3.3. Effect of HCA-Loaded Liposomes on PGE2 Production

Having proven that Lip-HCA did not strongly reduce, but only slightly at the highest concentration, the number of U937/PMA cells, we evaluated their anti-inflammatory activity by testing their inhibitory effects on the production of inflammatory mediators. Since it has been reported that the inhibition of ACLY activity by 500 μM f-HCA reduces PGE2 production [12], which is the main product of the COX-2 pathway in inflammatory conditions, we assessed the effect of Lip-HCA treatment on PGE2 secretion. f-HCA was used as control in U937/PMA cells triggered by LPS. As shown in Figure 1, when LPS-activated cells were treated with 500 µM Lip-HCA, PGE2 levels were reduced 24% more than with f-HCA (p < 0.01). Surprisingly, 50 µM Lip-HCA completely abolished the LPS effect, and PGE2 secretion was significantly lowered (about 30%) as compared to f-HCA (Figure 1). These results suggest that Lip-HCA controls PGE2 secretion at a concentration 10 times lower than that of f-HCA commonly used.

Figure 1.

Figure 1

Effect of free HCA (f-HCA) and HCA-loaded liposomes (Lip-HCA) on prostaglandin E2 (PGE2) production. U937/PMA cells were triggered by LPS in the presence or absence of Lip-HCA and f-HCA (50 or 500 µM). After 48 h, PGE2 levels were quantified. Results are presented as means ± SD from three independent experiments. ###, *** p < 0.001, # vs. control (C, untreated cells), * vs. LPS.

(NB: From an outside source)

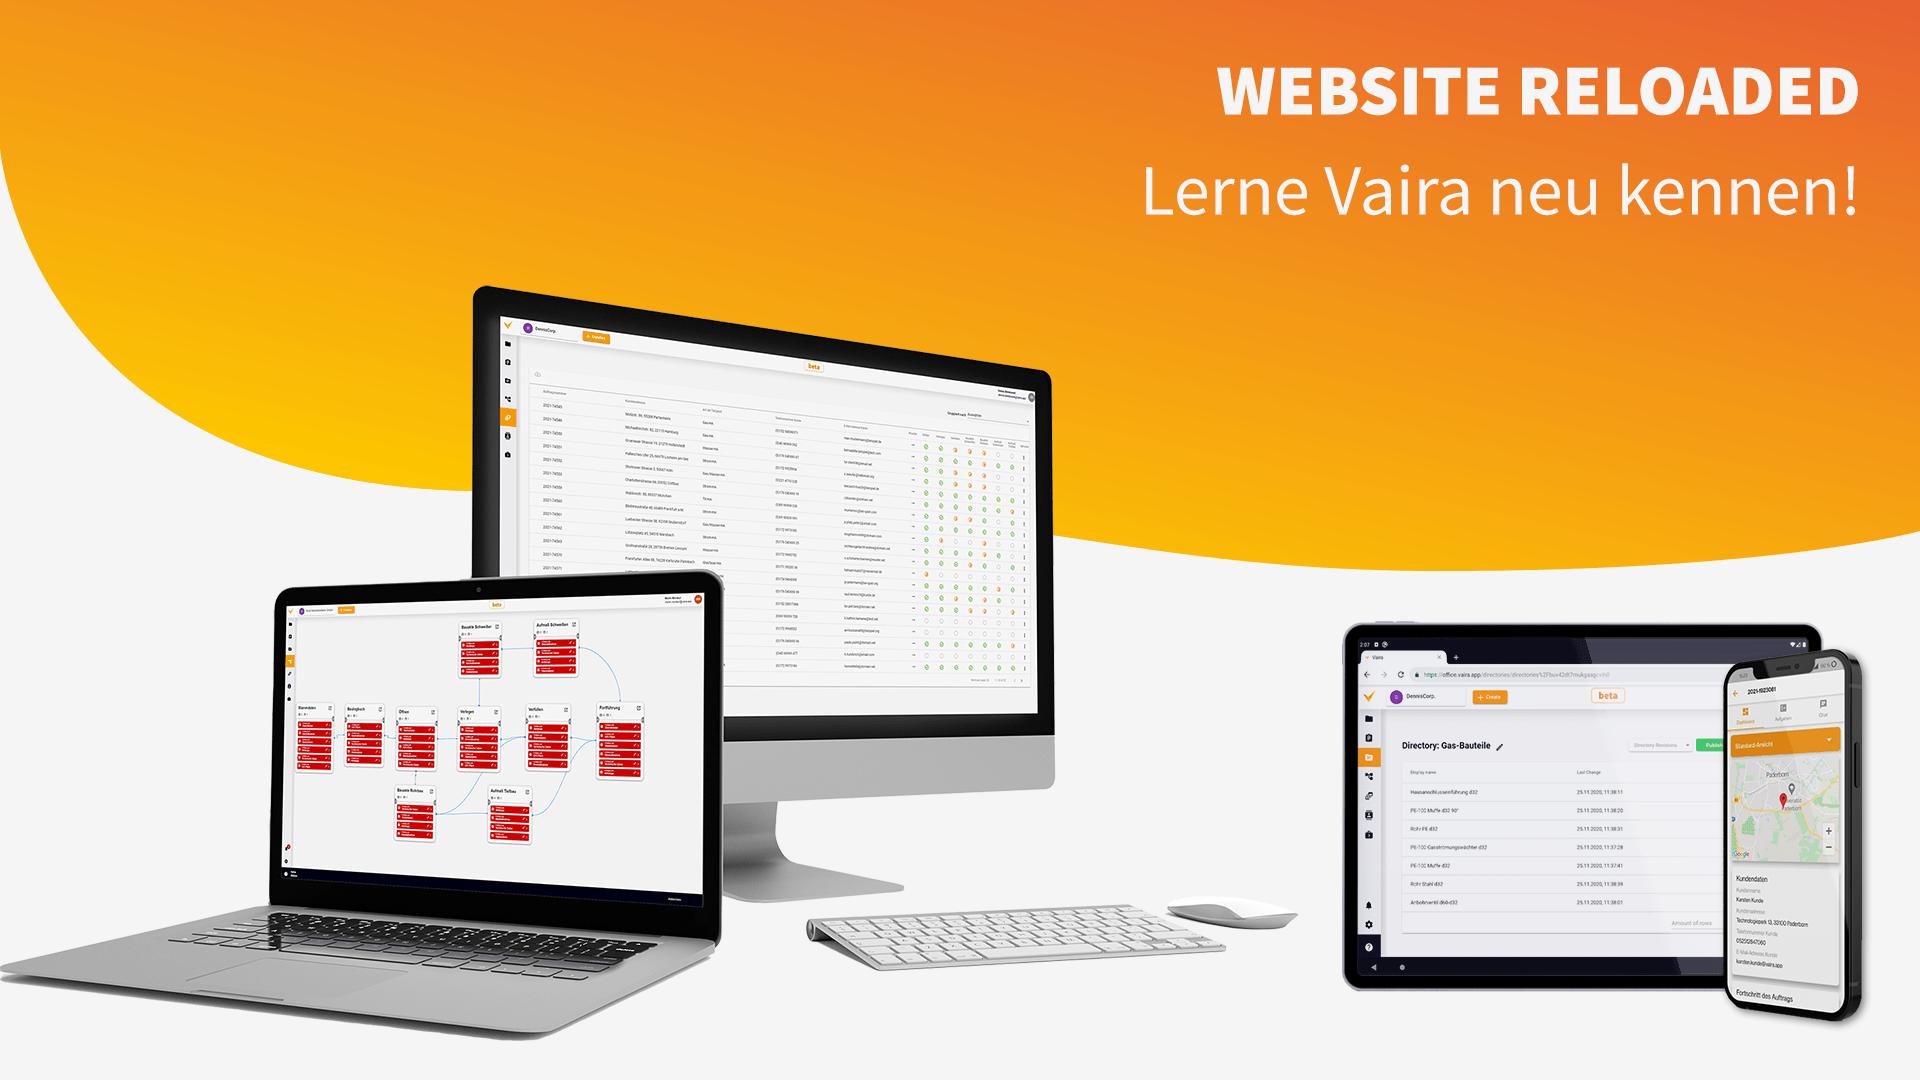 Mit der neuen Vaira-Website legen wir den Fokus mehr auf die Features von Vaira. Egal ob Computer, Smartphone oder Tablet: mit Vaira kannst du deine Bauprozesse digitalisieren und per Augmented Reality vermessen.

3.4. Effect of HCA-Loaded Liposomes on NO and ROS Production

To further explore the anti-inflammatory effect of Lip-HCA, we monitored the levels of inflammatory mediators closely associated with cellular energy status 24 h after treatment. NO, a mediator and regulator of inflammatory response, is synthesized from L-arginine in a reaction catalyzed by inducible nitric oxide synthase (iNOS). The conversion of L-arginine to NO and L-citrulline requires NADPH as substrate. Infantino et al. [13] reported that the inhibition of ACLY activity by 500 μM f-HCA caused a great reduction in NO levels in LPS-activated M1 macrophages. As shown in Figure 2A, the treatment with Lip-HCA, at both tested concentrations, reduced NO levels as compared to LPS-induced cells. However, it should be noted that an amount of 50 μM HCA was able to restore the control levels of NO only when encapsulated in liposomes. Indeed, an amount of 50 μM f-HCA was not able to lower NO production (Figure 2A). Subsequently, the effect of Lip-HCA on ROS production was tested using f-HCA as control in U937/PMA cells triggered by LPS. ROS are generated by the NADPH oxidase complex in the presence of molecular oxygen and NADPH [21]. Under the same experimental conditions, and at a concentration of 500 µM, both f-HCA and Lip-HCA reduced ROS levels compared to LPS-activated macrophages. Interestingly, at a concentration of 50 µM, only Lip-HCA completely abolished the ROS production induced by LPS treatment (Figure 2B). Altogether these data demonstrate that liposome encapsulation decreases by 10 times the HCA amount required to abrogate the surplus of both NO and ROS levels synthesized upon LPS addition.

Figure 2.

Figure 2

Effect of free HCA (f-HCA) and HCA-loaded liposomes (Lip-HCA) on nitric oxide (NO) (A) and reactive oxygen species (ROS) (B) production. U937/PMA cells were triggered by 100 ng/mL of LPS in the presence or absence of Lip-HCA and f-HCA (50 or 500 µM). After 24 h, NO and ROS levels were quantified. Results are presented as means ± SD from three independent experiments. #, * p < 0.05, ** p < 0.01, ###, *** p < 0.001, # vs. control (C, untreated cells), * vs. LPS.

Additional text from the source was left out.